**Data provided**
----------------
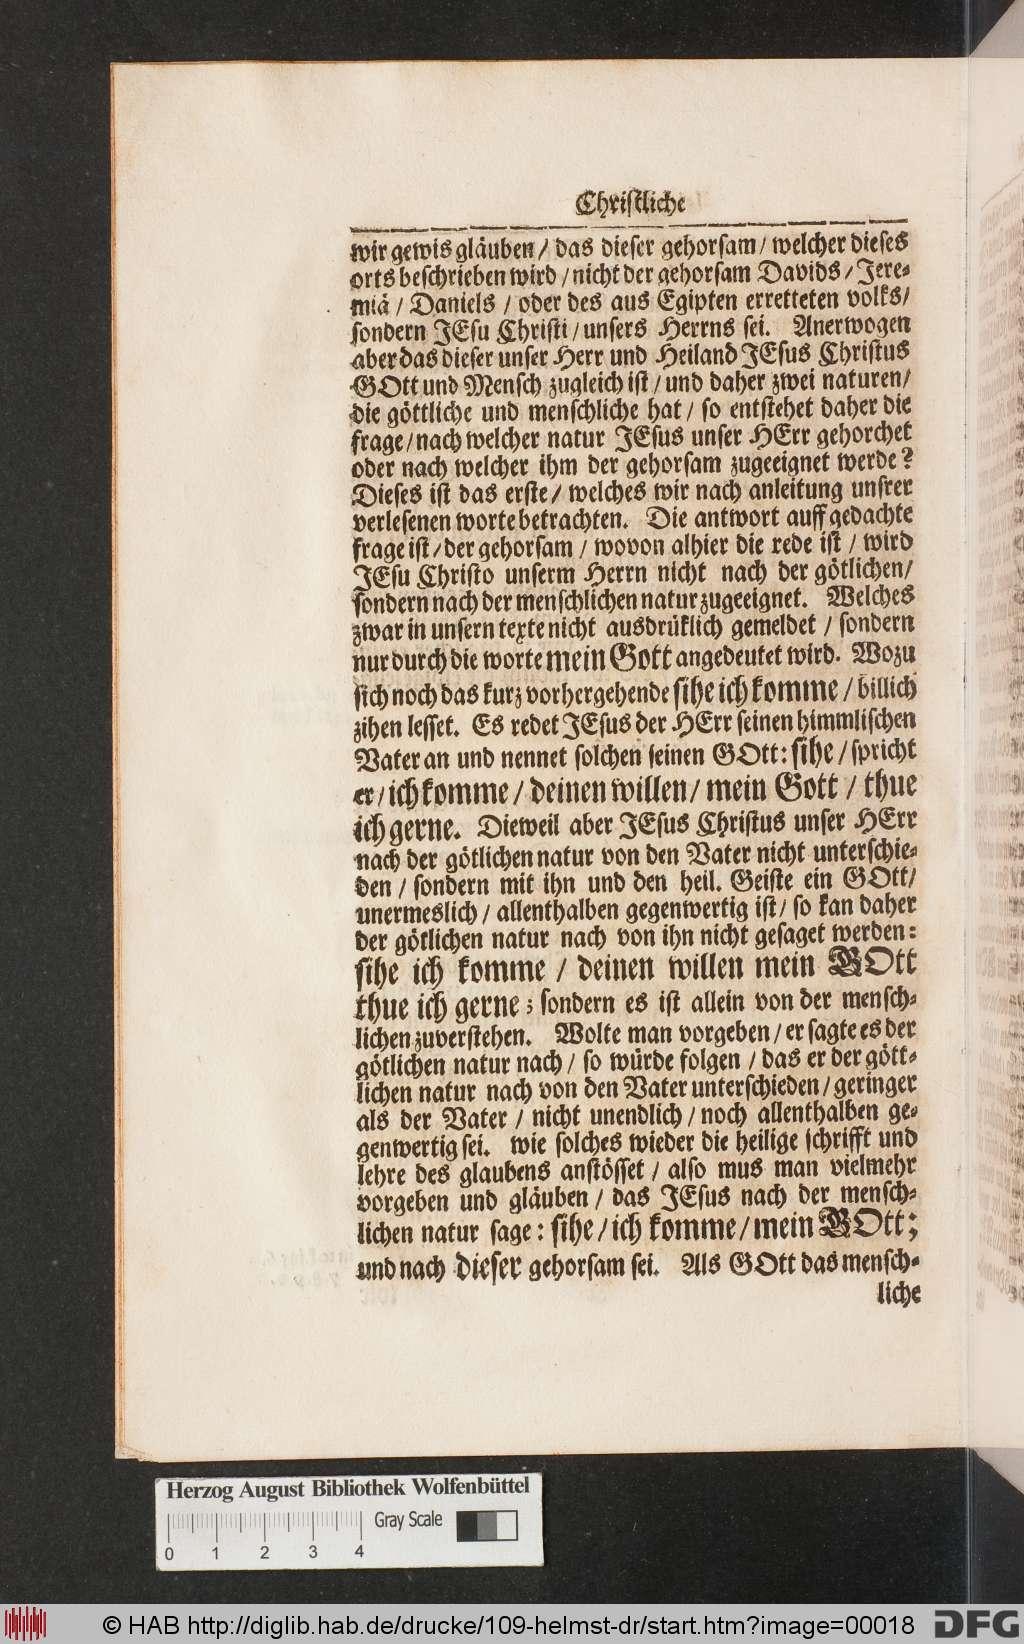 http://diglib.hab.de/drucke/109-helmst-dr/00018.jpg
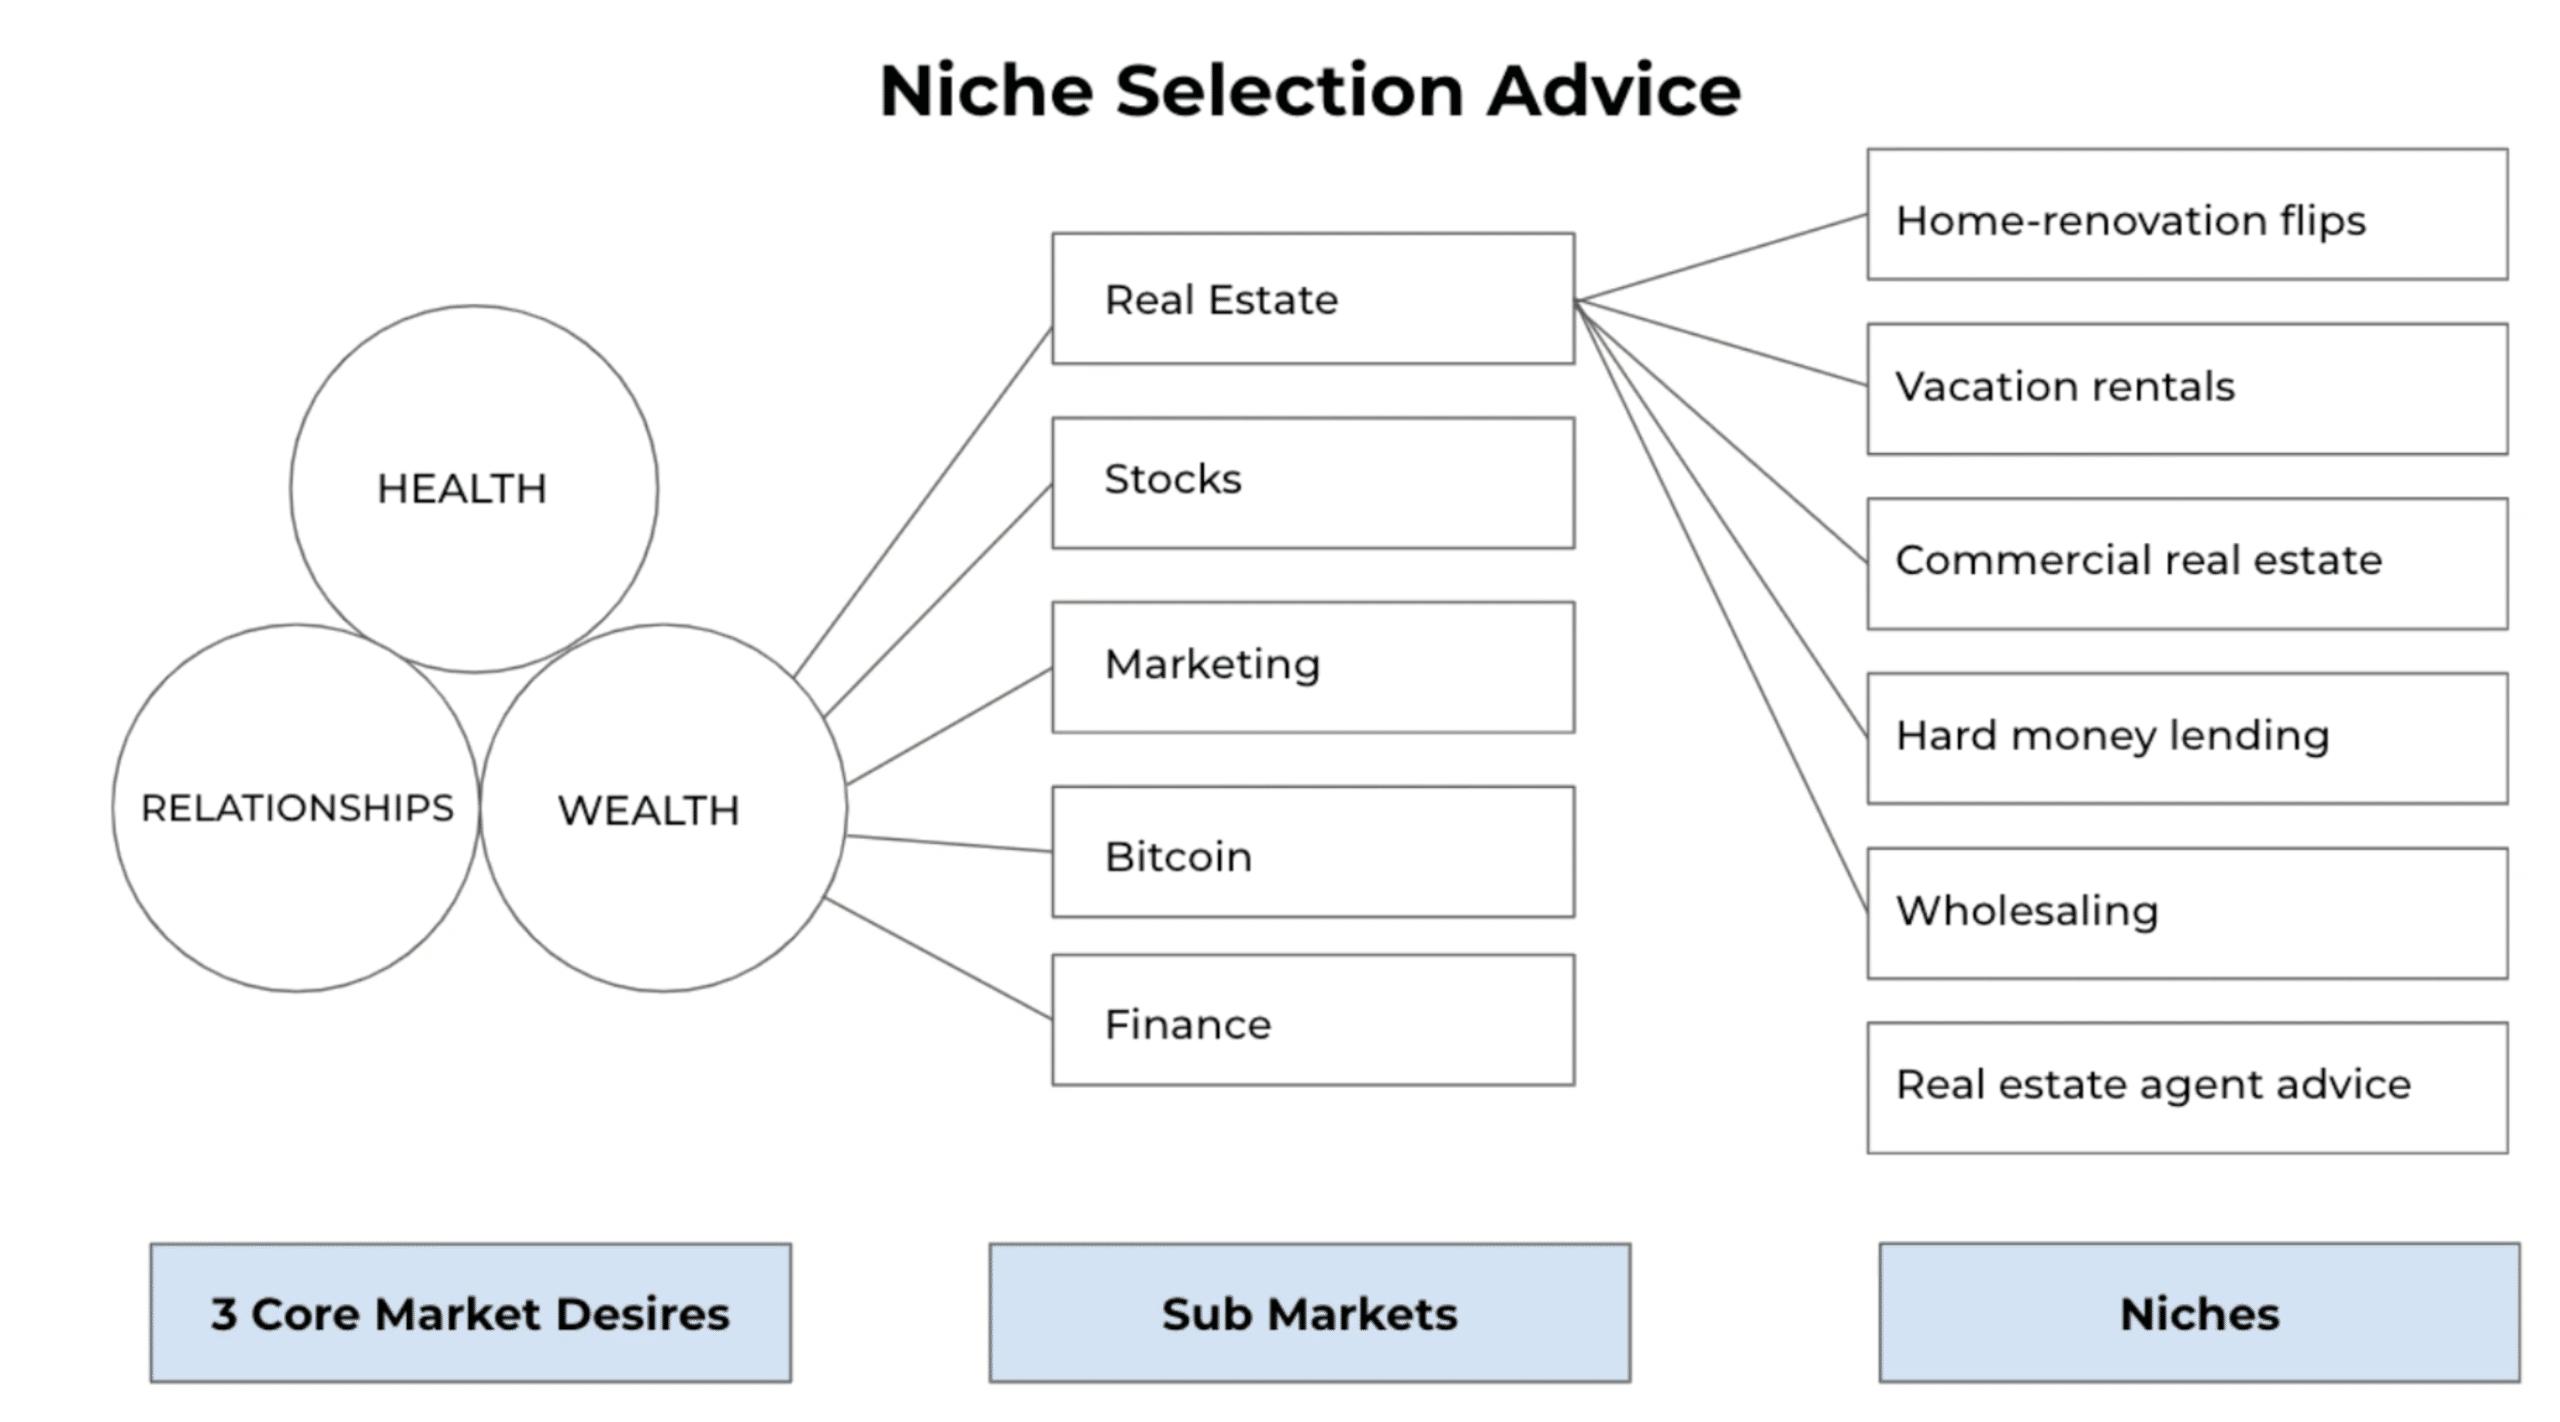 Category Niche
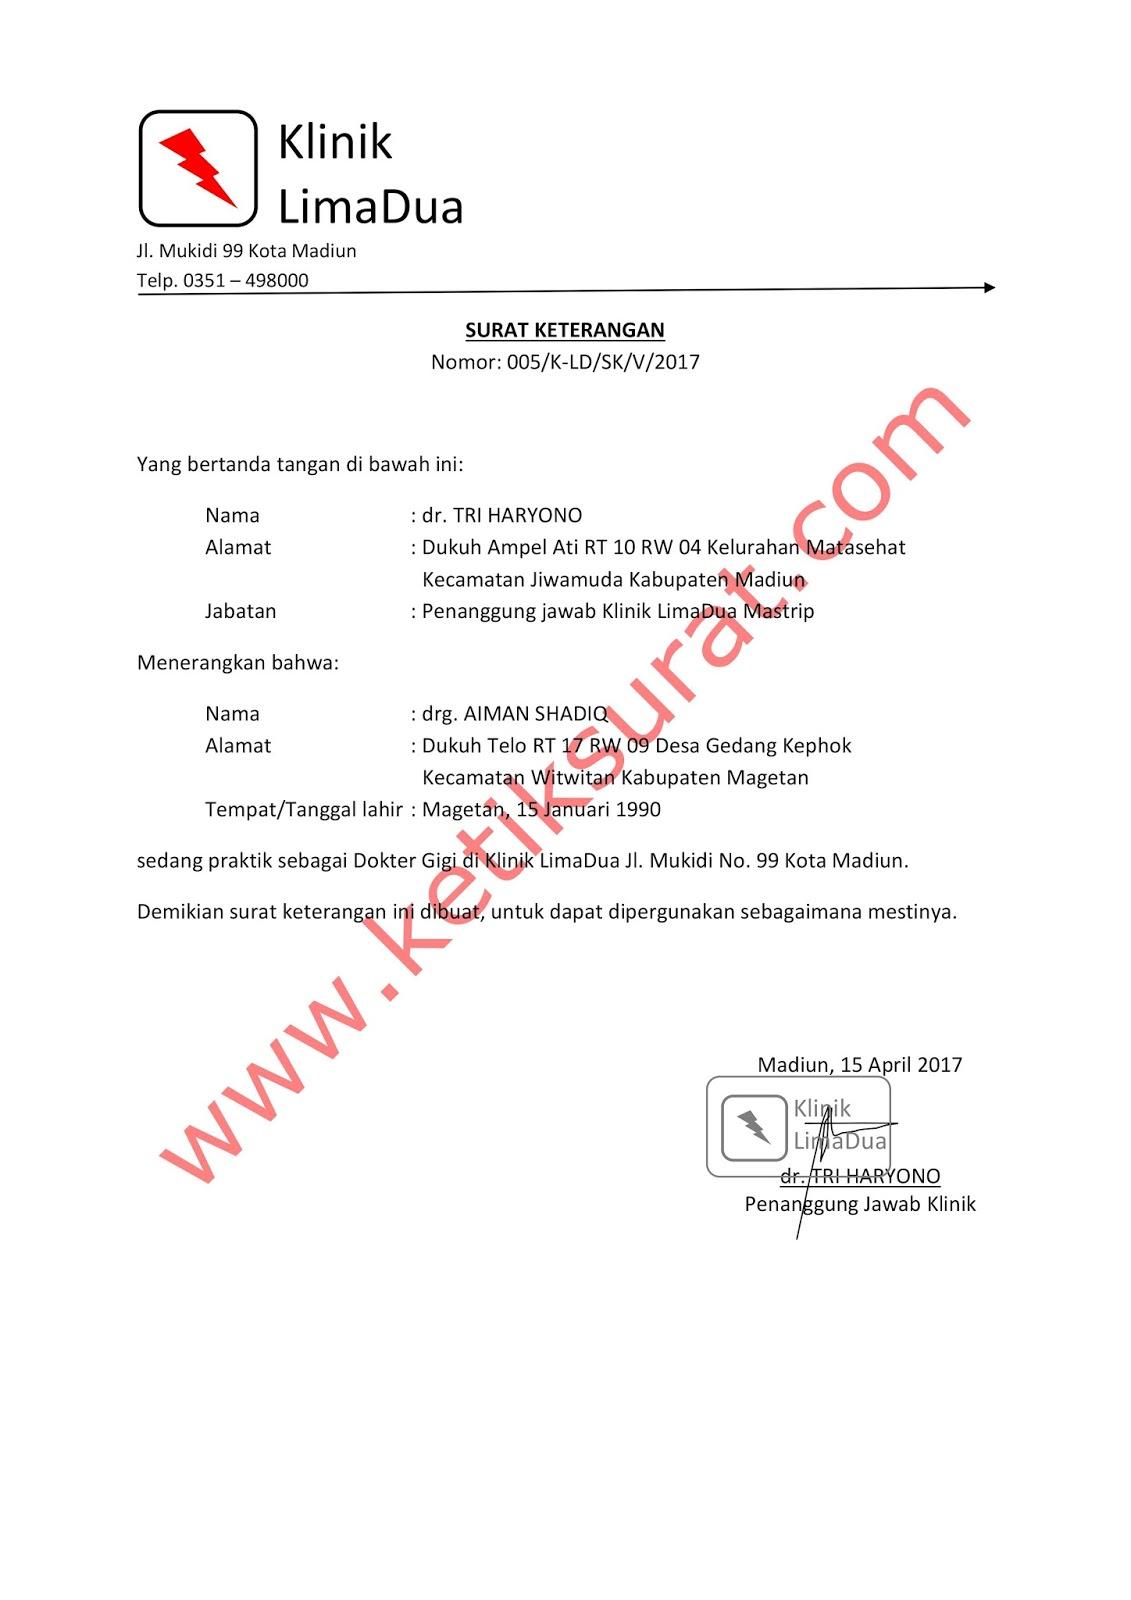 Contoh Surat Keterangan Praktik Dokter Di Klinik Ketik Surat
----------------
**What the exercise asks**
What is needed is the whole listing again, exactly as written, with the images left out.

**Expected answer**
 http://diglib.hab.de/drucke/109-helmst-dr/00018.jpg
 Category Niche
 Contoh Surat Keterangan Praktik Dokter Di Klinik Ketik Surat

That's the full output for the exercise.